The processor 552 can process instructions for execution within the computing device 550, including instructions stored in the memory 564. The processor can also include separate analog and digital processors. The processor can provide, for example, for coordination of the other components of the device 550, such as control of user interfaces, applications run by device 550, and wireless communication by device 550.

Processor 552 can communicate with a user through control interface 558 and display interface 556 coupled to a display 554. The display 554 can be, for example, a TFT LCD display or an OLED display, or other appropriate display technology. The display interface 556 can comprise appropriate circuitry for driving the display 554 to present graphical and other information to a user. The control interface 558 can receive commands from a user and convert them for submission to the processor 552. In addition, an external interface 562 can be provide in communication with processor 552, so as to enable near area communication of device 550 with other devices. External interface 562 can provide, for example, for wired communication (e.g., via a docking procedure) or for wireless communication (e.g., via Bluetooth or other such technologies).

The memory 564 stores information within the computing device 550. In one implementation, the memory 564 is a computer-readable medium. In one implementation, the memory 564 is a volatile memory unit or units. In another implementation, the memory 564 is a non-volatile memory unit or units. Expansion memory 554 can also be provided and connected to device 550 through expansion interface 552, which can include, for example, a SIMM card interface. Such expansion memory 574 can provide extra storage space for device 550, or can also store applications or other information for device 550. Specifically, expansion memory 574 can include instructions to carry out or supplement the processes described above, and can include secure information also. Thus, for example, expansion memory 574 can be provide as a security module for device 550, and can be programmed with instructions that permit secure use of device 550. In addition, secure applications can be provided via the SIMM cards, along with additional information, such as placing identifying information on the SIMM card in a non-hackable manner.
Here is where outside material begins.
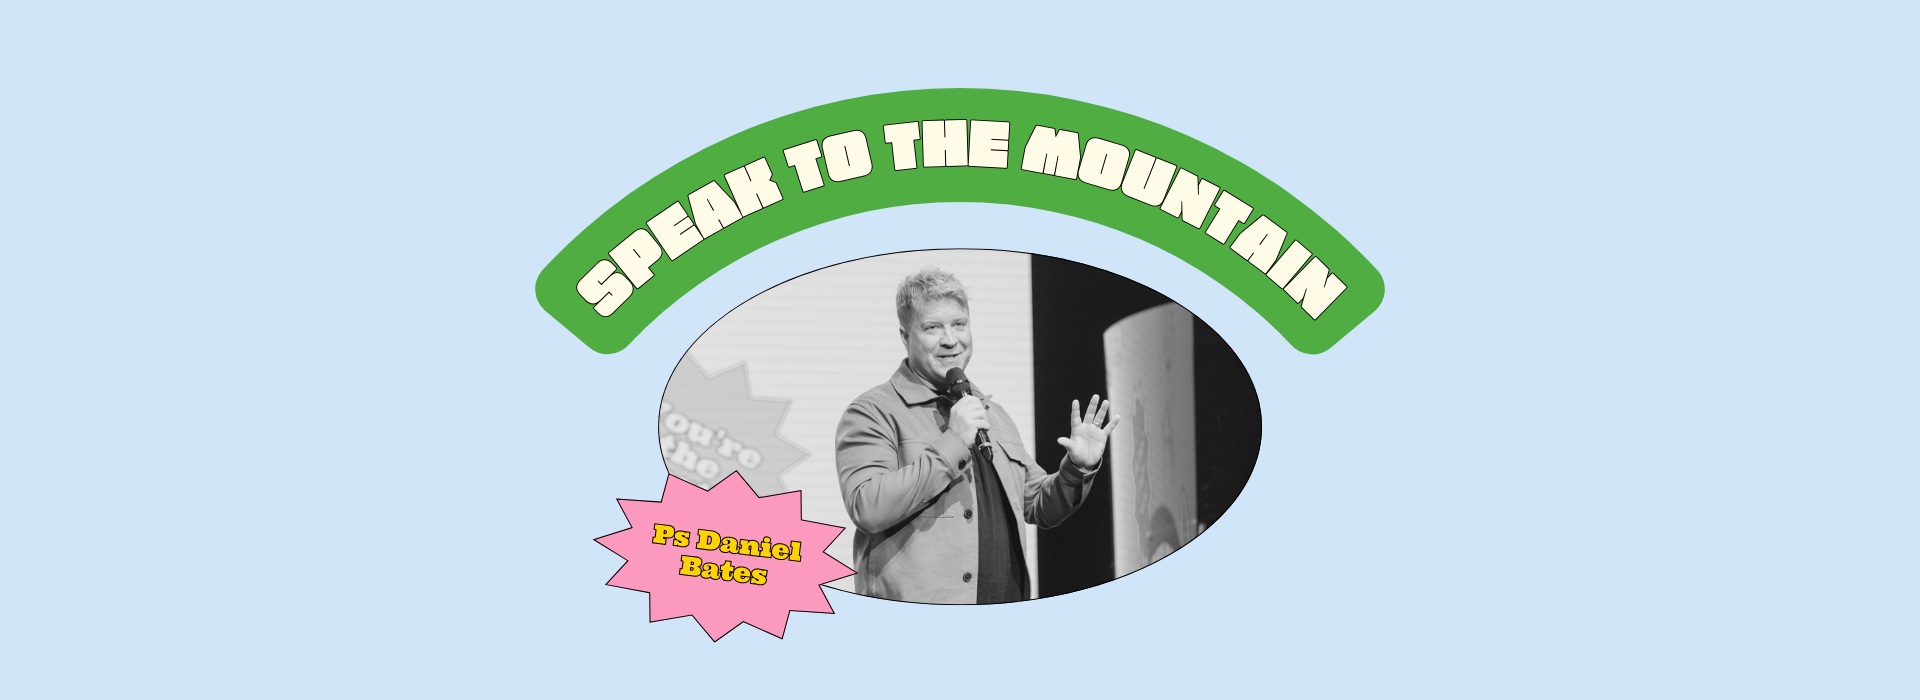 Speak To The Mountain

The memory can include for example, flash memory and/or MRAM memory, as discussed below. In one implementation, a computer program product is tangibly embodied in an information carrier. The computer program product contains instructions that, when executed, perform one or more methods, such as those described above. The information carrier is a computer- or machine-readable medium, such as the memory 564, expansion memory 574, memory on processor 552, or a propagated signal.

Device 550 can communicate wirelessly through communication interface 566, which can include digital signal processing circuitry where necessary. Communication interface 566 can provide for communications under various modes or protocols, such as GSM voice calls, SMS, EMS, or MMS messaging, CDMA, TDMA, PDC, WCDMA, CDMA2000, or GPRS, among others. Such communication can occur, for example, through radio-frequency transceiver 568. In addition, short-range communication can occur, such as using a Bluetooth, WiFi, or other such transceiver (not shown). In addition, GPS receiver module 570 can provide additional wireless data to device 550, which can be used as appropriate by applications running on device 550.

Device 550 can also communication audibly using audio codec 560, which can receive spoken information from a user and convert it to usable digital information. Audio codex 560 can likewise generate audible sound for a user, such as through a speaker, e.g., in a handset of device 550. Such sound can include sound from voice telephone calls, can include recorded sound (e.g., voice messages, music files, etc.) and can also include sound generated by applications operating on device 550.

The computing device 550 can be implemented in a number of different forms, as shown in the figure. For example, it can be implemented as a cellular telephone 580. It can also be implemented as part of a smartphone 582, personal digital assistant, or other similar mobile device.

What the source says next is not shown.